Pent up demand to address recession shortfalls would have sucked up all of the new funds.
But a large coalition of community based organizations wanted the new supplemental and concentration grants to be spent at the schools with the most need. They constructed a student need index, picking 12 variables that indicated the challenges these schools faced. [See listing below.] The index identified 36 high schools, 32 middle schools, and 174 elementary schools with the highest need.
Creating the index, itself, was political. Coalition members needed to decide what to count and how much to weight each variable. The index began as review of research into the achievement dampening challenges that children face. Academic research connected with first-person narratives from students. There was a process of give and take among advocacy groups, all leading to pages of spreadsheet calculations.
However, "numbers on an Excel spreadsheet are not very persuasive," said Kim Pattillo Brownson, director of educational equity at the Advancement Project. Her organization drew on its geodata expertise to map student need by school. Then the schools were located within school board member districts, resulting in the map at the top of this post. (The Advancement Project had been working with mapped data since the early 2000s. Its Healthy City project maintains a powerful online mapping utility.)
Look carefully at the map. It is almost a textbook example of good data visualization. It took a lot of complex information and reduced it to easy-to-understand symbols: those colored dots with red indicating schools with the highest need scaling to less vibrant colors in schools of less need. The clustering of red and orange dots is immediately obvious.
So, too, are the school board district boundaries. It's immediately apparent that there is a concentration of high needs schools in districts 1, 2, 5, 6, and 7. An easy political majority, you would think; just move some money from the more affluent areas of the city to the less affluent.
But the political calculus was a little more complicated. Marguerite Poindexter LaMotte, the veteran school board member in District 1, had died; her replacement, George McKenna, had not yet been elected. And the remaining board members were divided into warring camps that made their cooperation difficult.
Armed with the map, which visualized the student need index, a coalition of more than 50 community organizations held rallies and met one-on-one with school board members. Under the banner of Communities for Los Angeles Student Success, the coalition initially demanded that 80 percent of the local control budget supplemental and concentration funds be spent through the need index formula. (A case study from Education Trust West documents the process.)
United Teachers Los Angeles came aboard even though some of its members' schools would not be advantaged by the deal.

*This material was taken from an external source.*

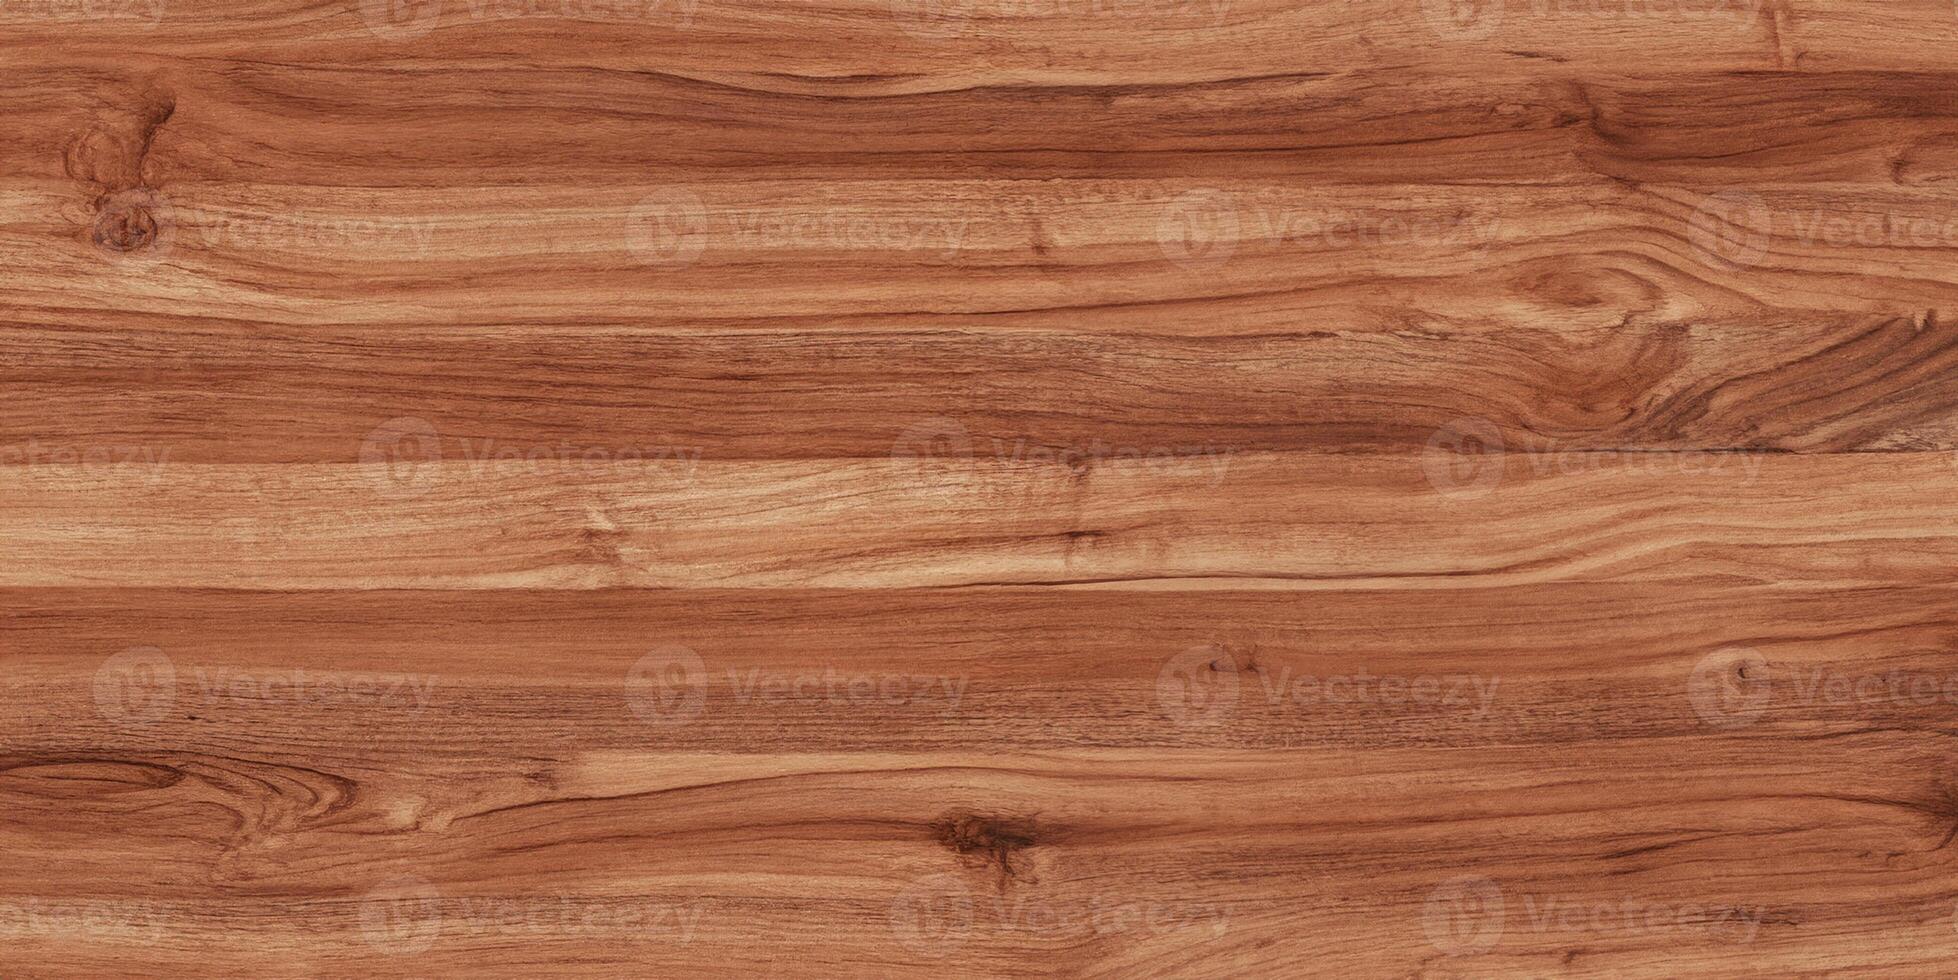 desatado agradável lindo madeira textura fundo foto
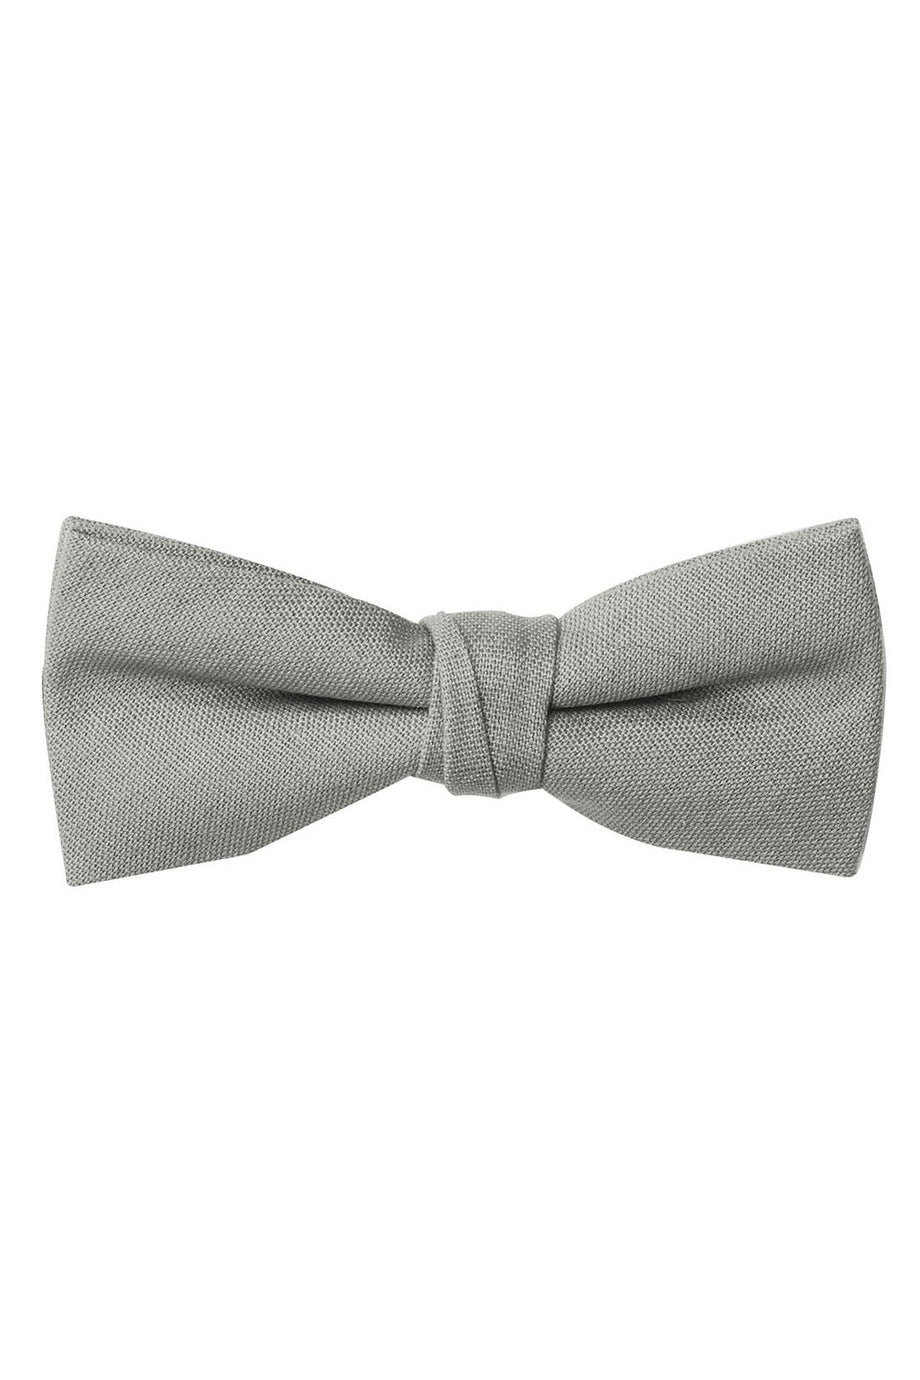 Tux Park Pre-Tied Grey Linen Bow Tie

President Alex Caputo-Pearl rallied support at the board meeting where the index was presented and approved.
The map and advocacy, created a convergence of self-interest and civic good, and gave a majority of school board members a reason to support financial redistribution toward the most needy students and schools. "It didn't take a great deal of arm twisting," Brownson said. The motion to allocate $154-million according to the index passed with five votes.
The fifth supporting vote came from Steven Zimmer, whose District 4 contained none of the highest need schools. He just saw it as the right thing to do and became a co-sponsor of the resolution.
The moral of this story is that good data maps and graphics can help gather the political will. Getting data to speak to people who are not number crunchers will become increasingly important as California moves more deeply into local control funding and accountability. It will be how politics is done right.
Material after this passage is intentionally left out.